Irán lanzó una advertencia directa a Israel en medio de la creciente tensión en Medio Oriente y aseguró que podría atacar embajadas israelíes en distintos países si el Ejército israelí concreta un bombardeo contra su representación diplomática en el Líbano.
La amenaza fue formulada por el portavoz de las Fuerzas Armadas iraníes, el general Abolfazl Shekarchi, quien sostuvo que, de producirse un ataque contra la misión iraní en territorio libanés, Teherán considerará a las sedes diplomáticas israelíes como “objetivos legítimos”. Según indicó, hasta ahora su país actuó con “moderación” por respeto al derecho internacional, pero advirtió que no dudará en responder si se cruza esa línea.
El mensaje se enmarca en una escalada regional que involucra a Irán, Israel y Estados Unidos, con episodios recientes de ataques cruzados y tensiones que también alcanzan al Líbano, donde actúa el grupo chiita Hezbolá, aliado de Teherán.

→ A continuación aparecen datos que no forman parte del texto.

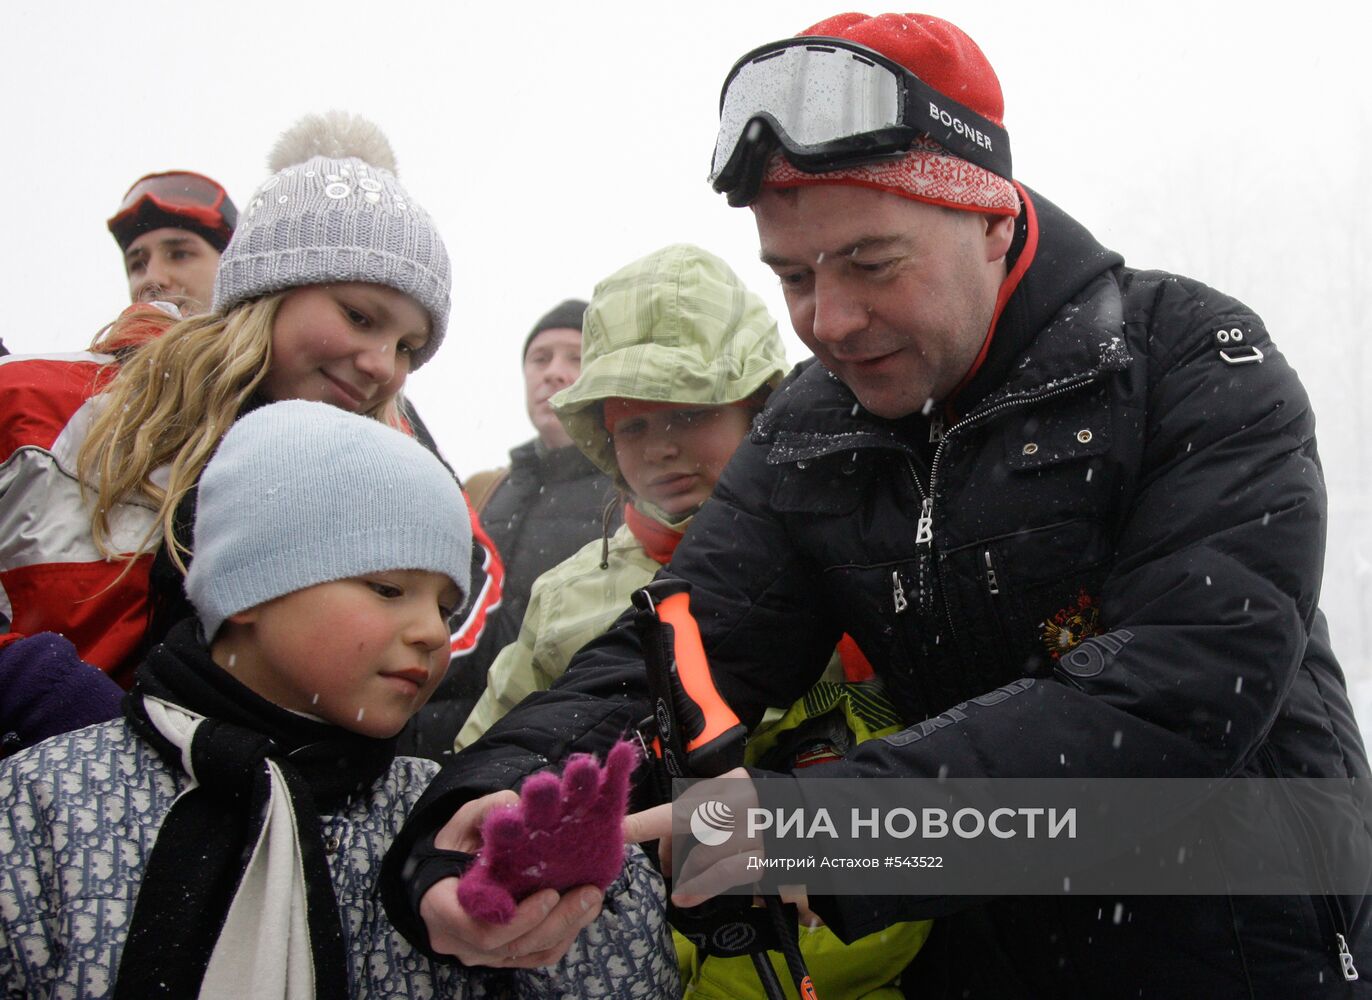 Д. Медведев на горнолыжном курорте "Красная Поляна"

En ese contexto, la advertencia generó inquietud en distintos países que albergan representaciones diplomáticas israelíes, entre ellos Argentina, que arrastra antecedentes trágicos vinculados al conflicto de Medio Oriente. En 1992, un atentado destruyó la Embajada de Israel en Buenos Aires y, dos años más tarde, otro ataque terrorista golpeó la sede de la AMIA, con un saldo de 85 muertos.
Desde el entorno iraní buscaron bajar el tono respecto del país sudamericano. El ex agregado cultural de la embajada iraní en Buenos Aires, Mohsen Rabbani —acusado por la Justicia argentina de ser uno de los presuntos responsables intelectuales del atentado contra la AMIA en 1994— afirmó que Argentina no sería un objetivo.
“Es incorrecto decir que Argentina, que está fuera de esta área, sea objetivo de algo”, sostuvo en declaraciones a un canal de streaming. Rabbani incluso aseguró que “los argentinos son amigos” y que Irán mantiene una relación de respeto con la población del país.
Pese a esas declaraciones, la historia reciente y la actual volatilidad del escenario internacional mantienen la atención puesta en la evolución del conflicto y en las medidas de seguridad que puedan adoptarse en torno a las sedes diplomáticas en territorio argentino.